Skin tissue engineering primarily requires short in vitro manipulation time. Formation of large cell patches in CS-PCL scaffold helps in faster cell coverage thereby reducing in vitro time. The cell growth on CS-PCL measured at two time points were significantly more compared to PCL. These results are similar to previous reports with human dermal fibroblast on PCL nanofilms incorporated with CS [37]. Cell adhesion, morphology spreading, migration and ECM deposition is dependent on the distribution of actin cytoskeleton [38]. Actin cytoskeletal distribution of cells seeded on PCL and CS-PCL showed cortical staining pattern which indicates well spread morphology of cells [39]. The CS-PCL scaffolds also favored L929 cell proliferation compared to PCL indicating the blend properties of both CS and PCL. The results indicates that CS-PCL electrospun scaffolds were superior in supporting the cell proliferation compared to PCL alone and suitable for skin tissue engineering.

5 Conclusions

CS and PCL blend was prepared in a modified solvent of formic acid and acetone and used for electrospinning.
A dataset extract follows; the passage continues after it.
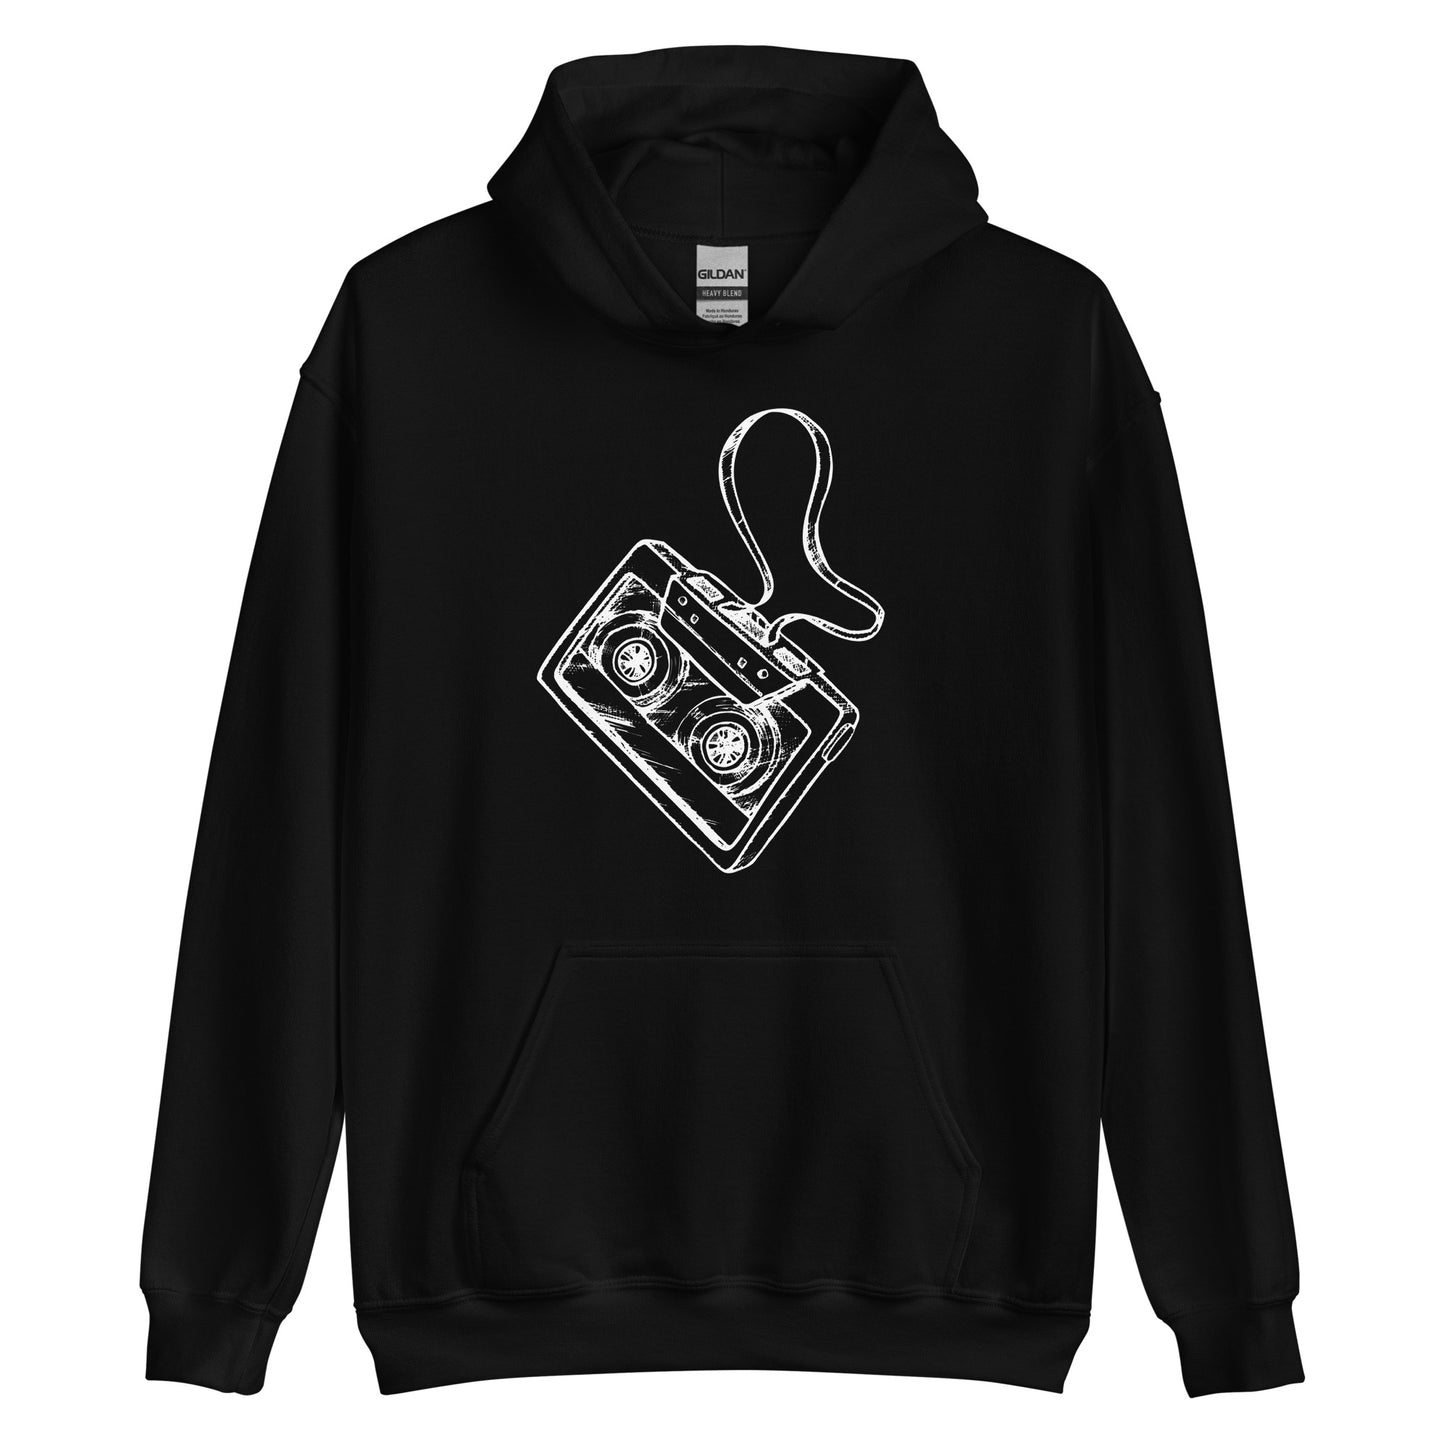 Retro Cassette Hoodie - Minimalist Music Sweatshirt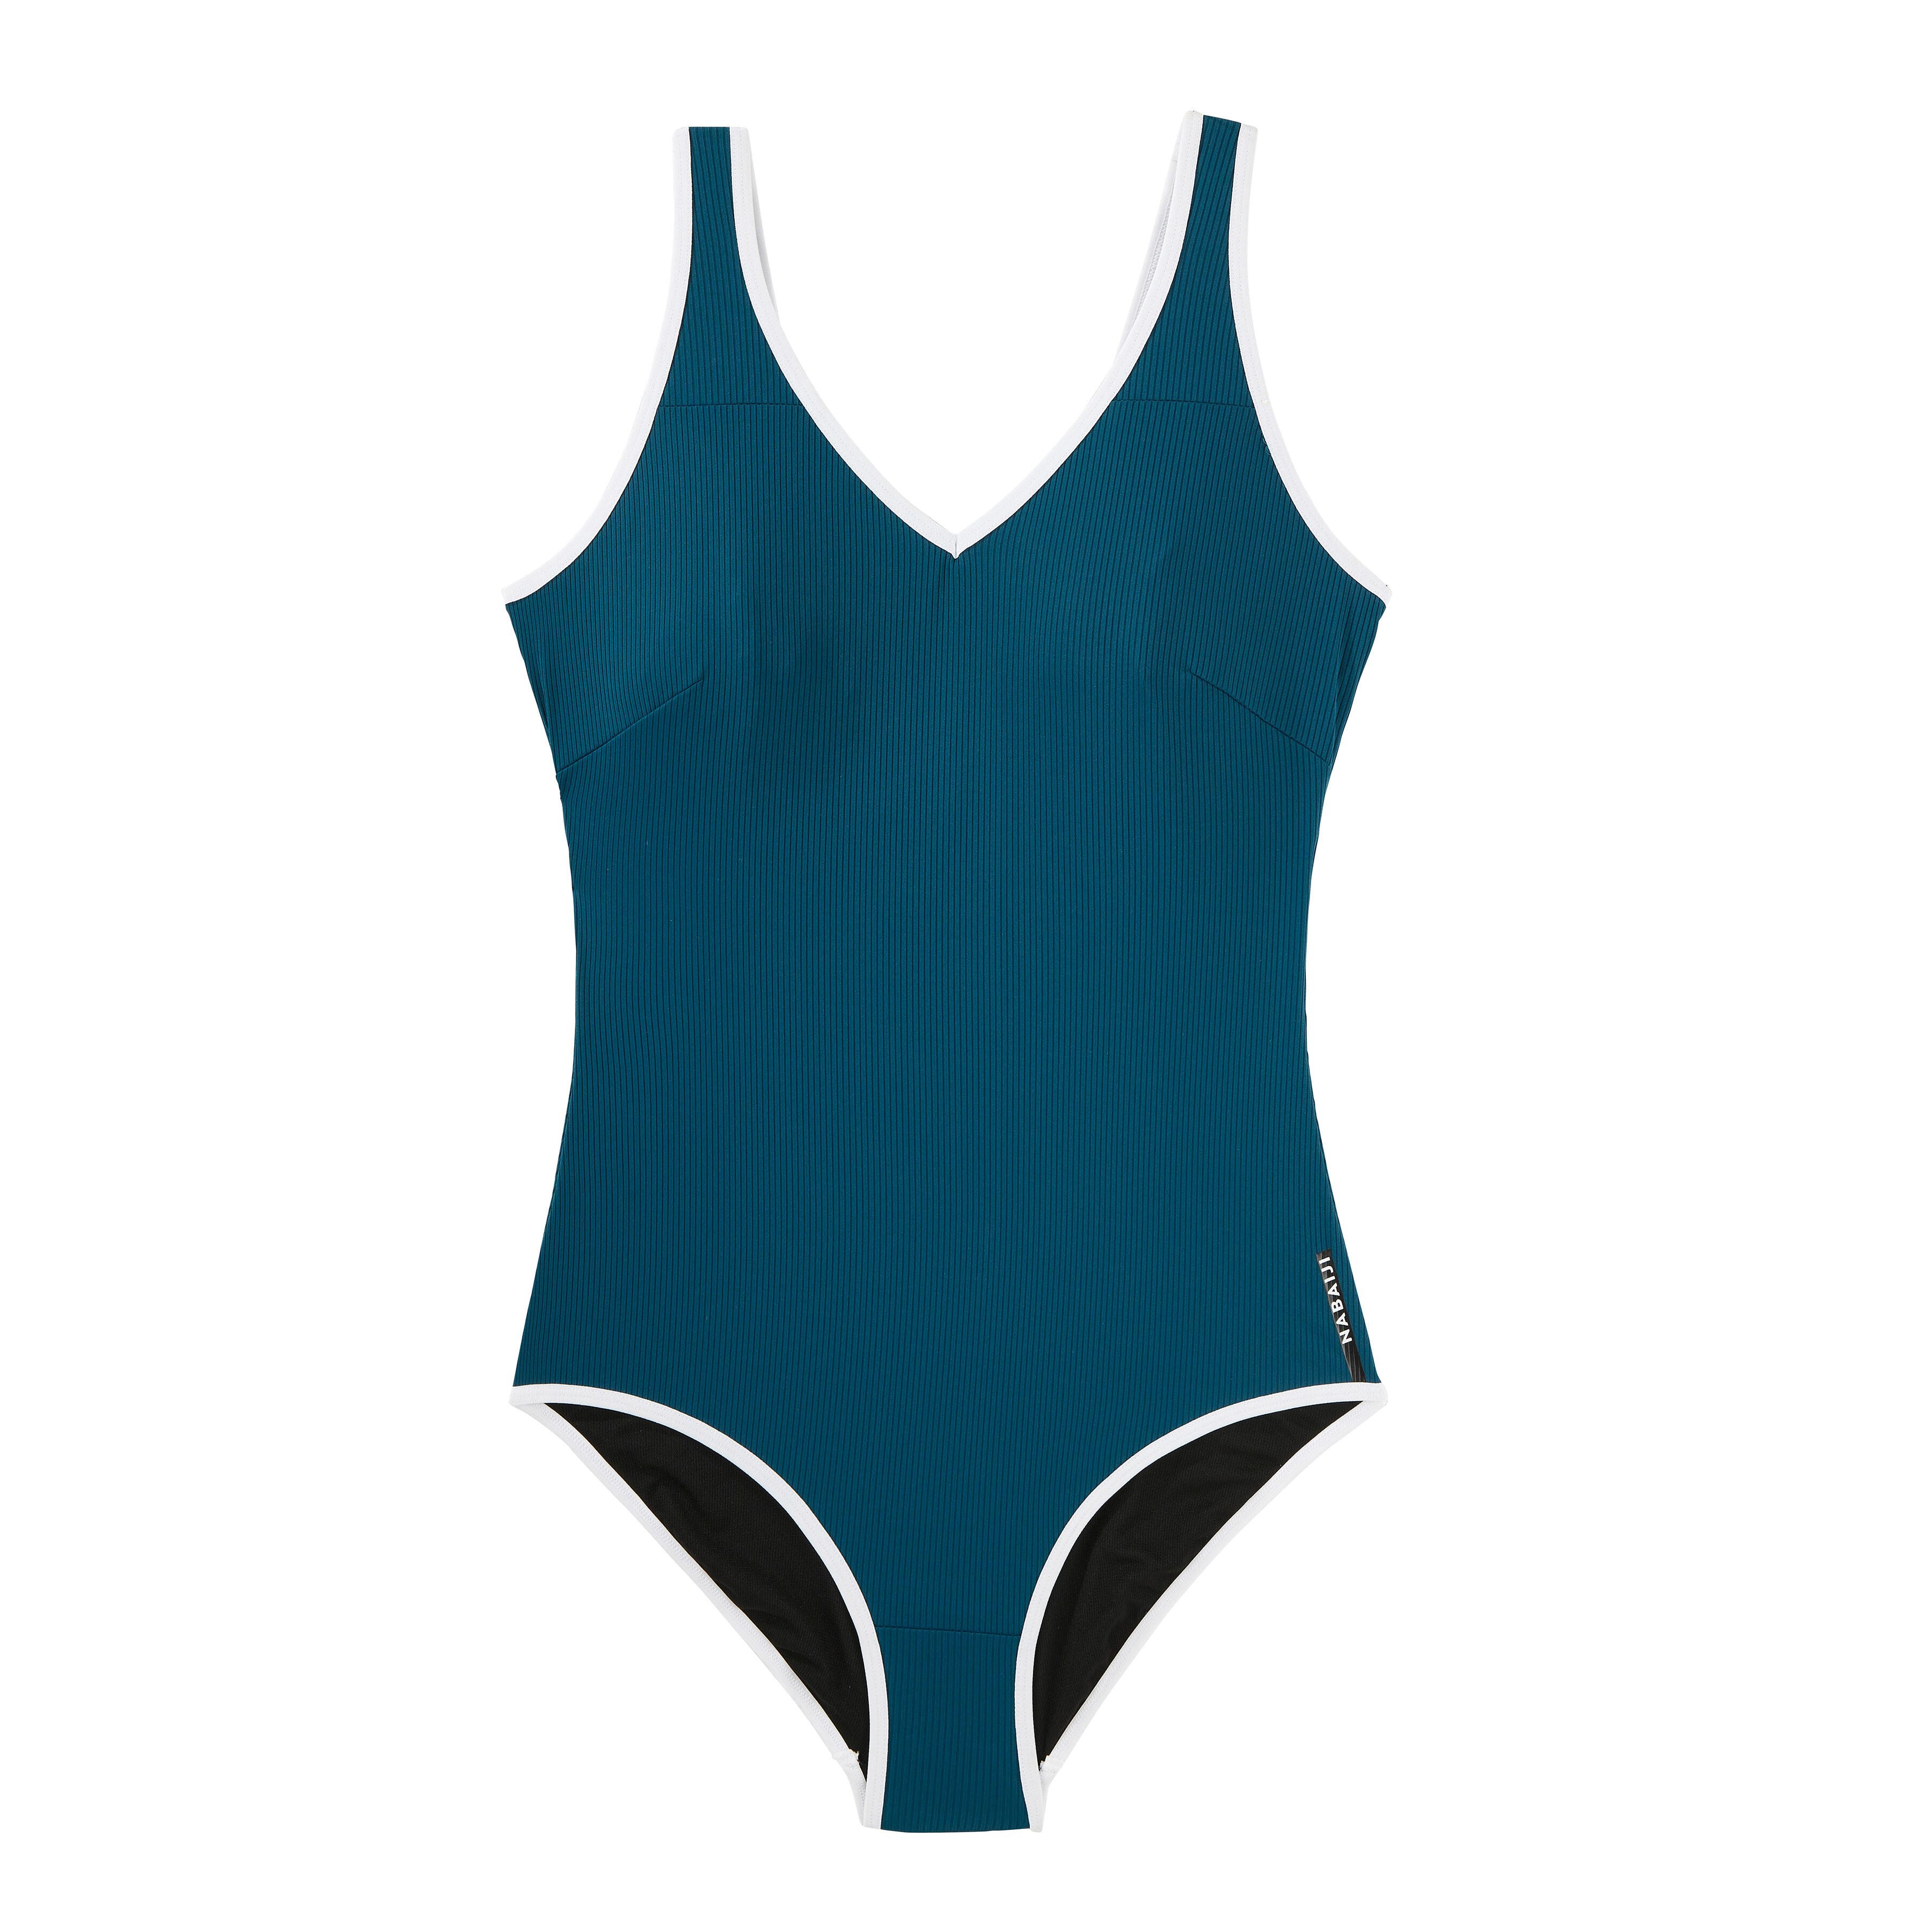 Women's 1-piece Swimsuit - Kamiye Fili Petrol - Dark petrol blue - Nabaiji  - Decathlon

The CS-PCL mats were evaluated for biocompatibility and its suitability for skin tissue engineering using HaCaT. The performance of the blend mats were compared with PCL mats. The CS -PCL fibrous mats showed enhanced cell adhesion cell spreading and proliferation. Improved cell material interaction of HaCaT cells on CS-PCL suggests that blending CS with PCL makes it a better substrate for skin tissue engineering.